[Start of section]

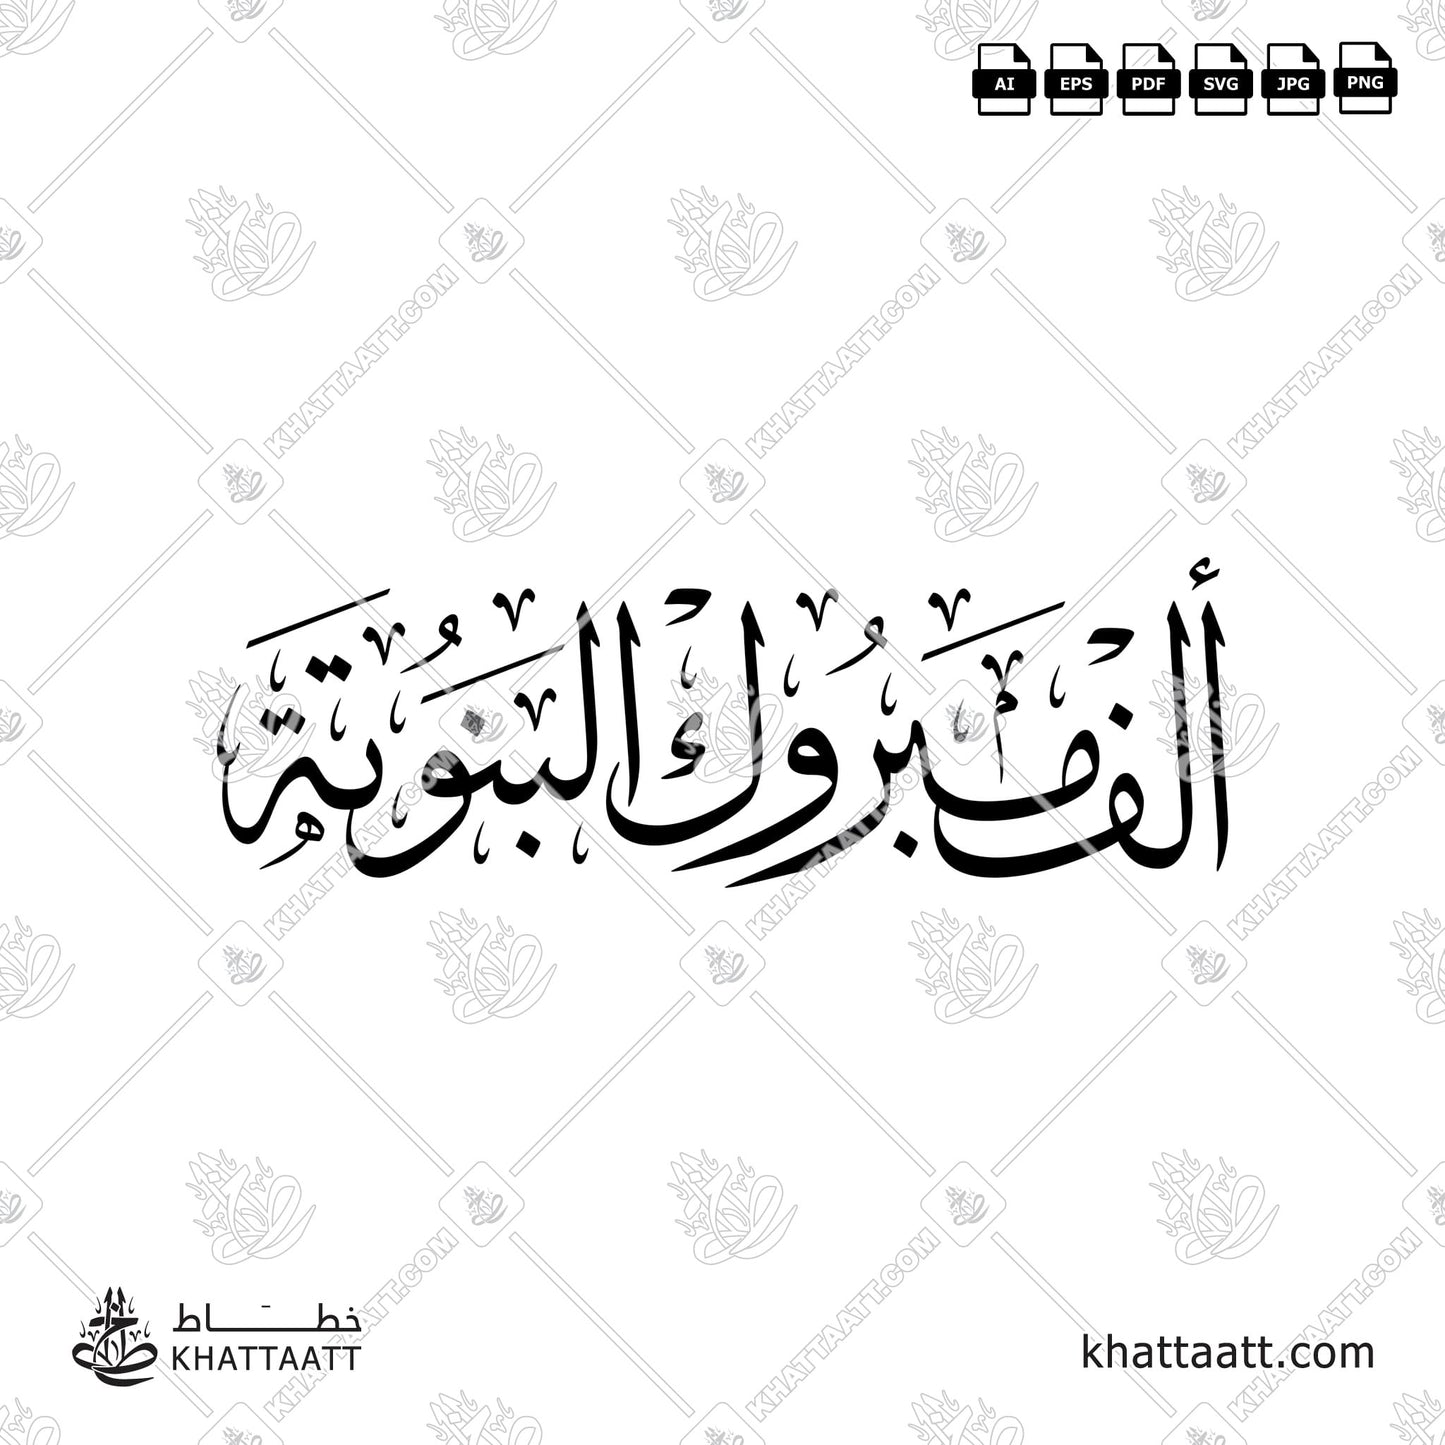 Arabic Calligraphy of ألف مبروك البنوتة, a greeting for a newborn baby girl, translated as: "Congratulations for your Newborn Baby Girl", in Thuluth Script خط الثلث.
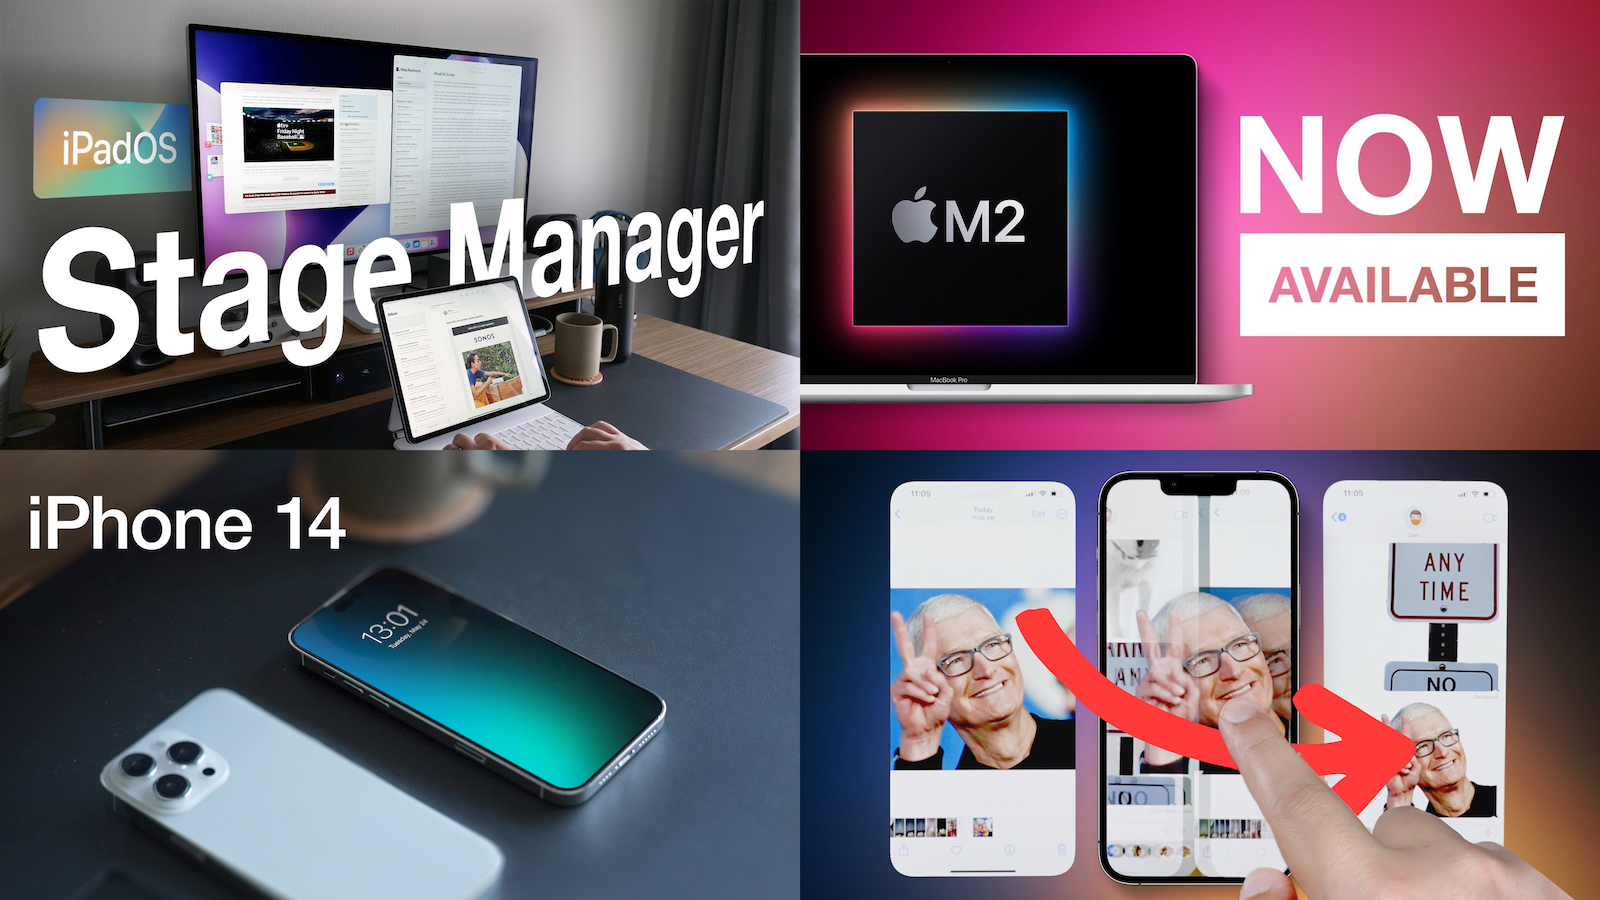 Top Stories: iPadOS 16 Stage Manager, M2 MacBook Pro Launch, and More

[End of section]
[Start of section]

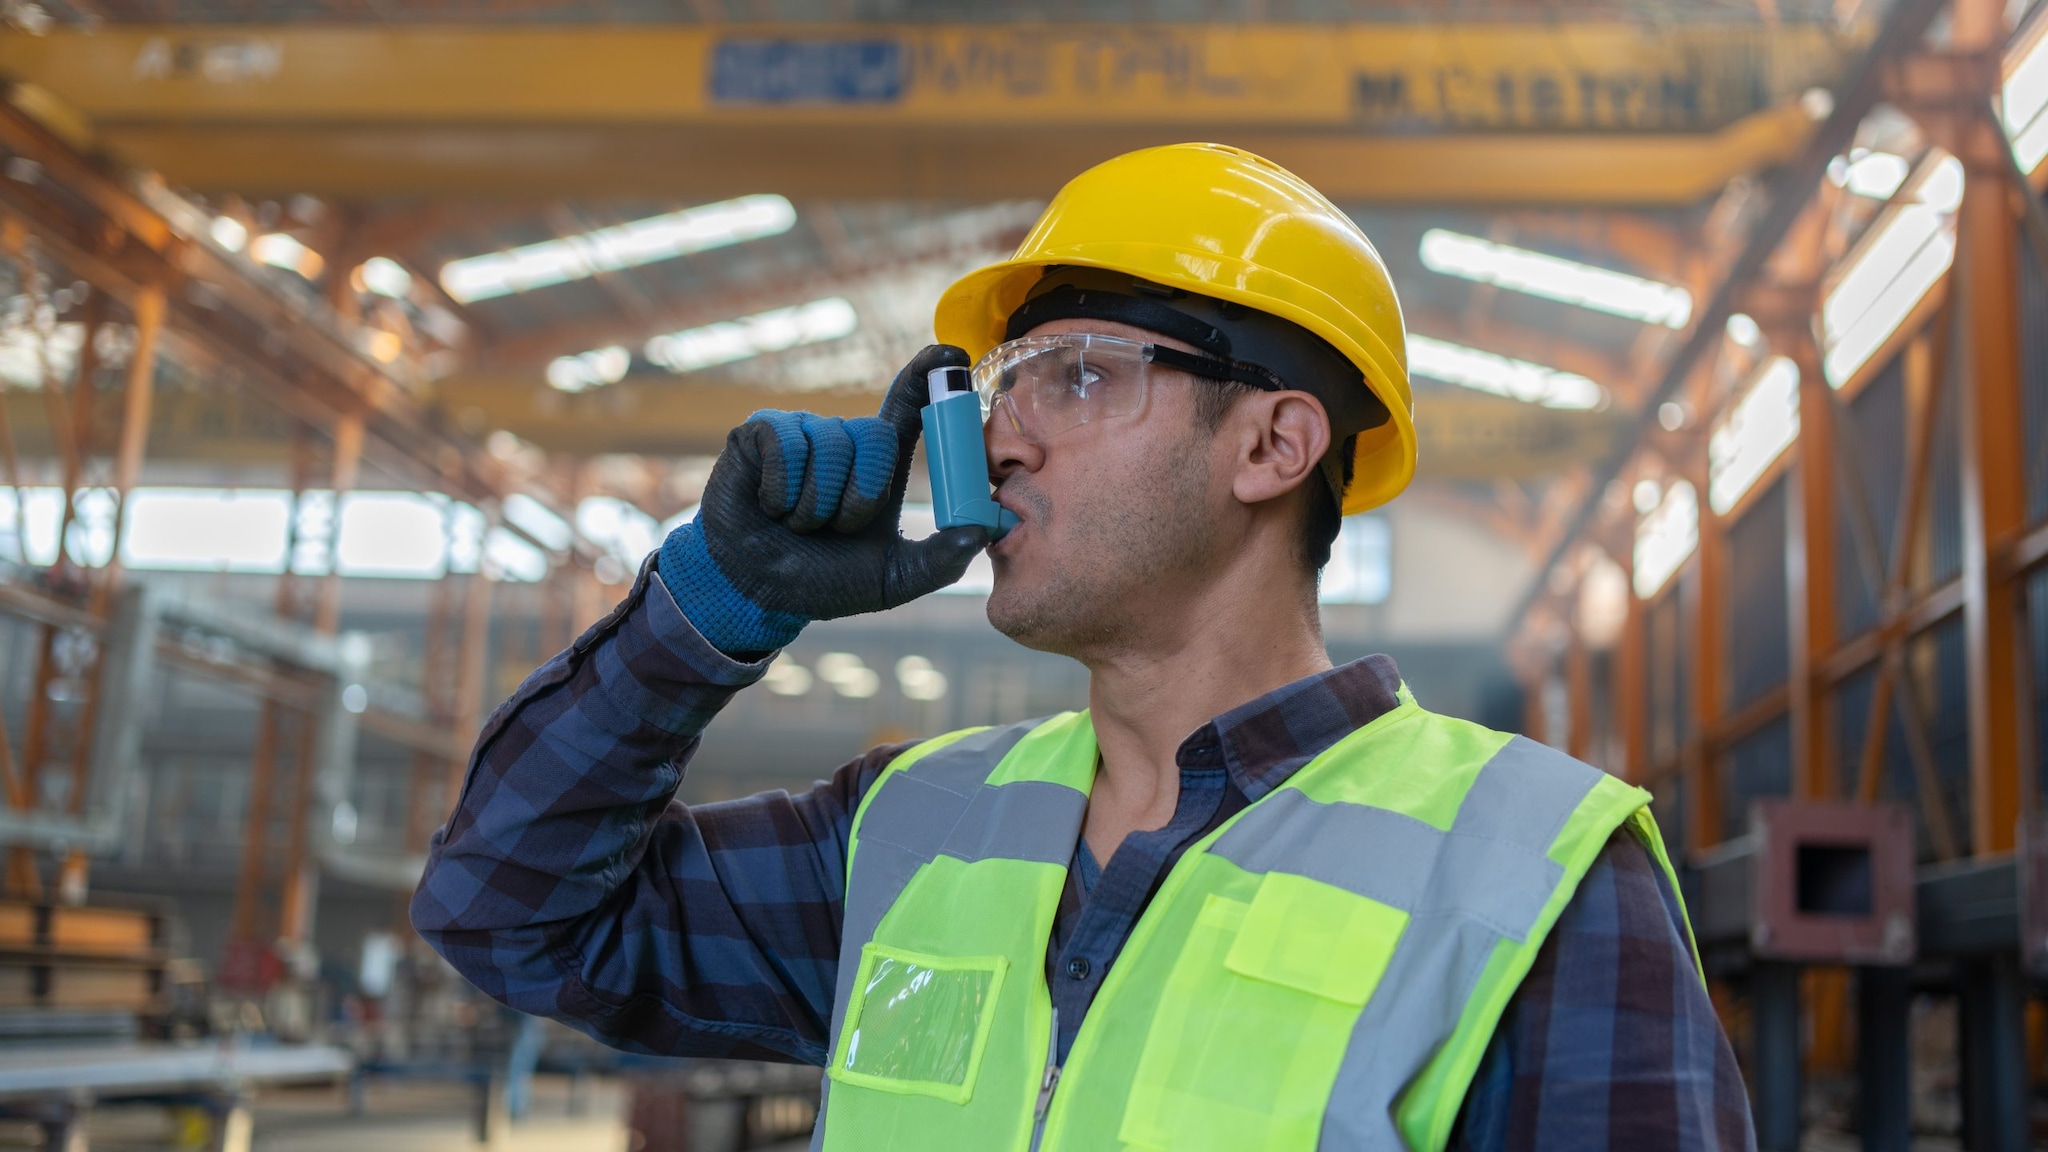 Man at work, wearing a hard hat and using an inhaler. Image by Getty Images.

[End of section]

* Instructions for the task: Leaving out each picture, repeat exactly the lines above from the one that contains "Arabic Calligraphy of" through the one that contains "Top Stories: iPadOS".

* Response area:
 Arabic Calligraphy of ألف مبروك البنوتة, a greeting for a newborn baby girl, translated as: "Congratulations for your Newborn Baby Girl", in Thuluth Script خط الثلث.
 Top Stories: iPadOS 16 Stage Manager, M2 MacBook Pro Launch, and More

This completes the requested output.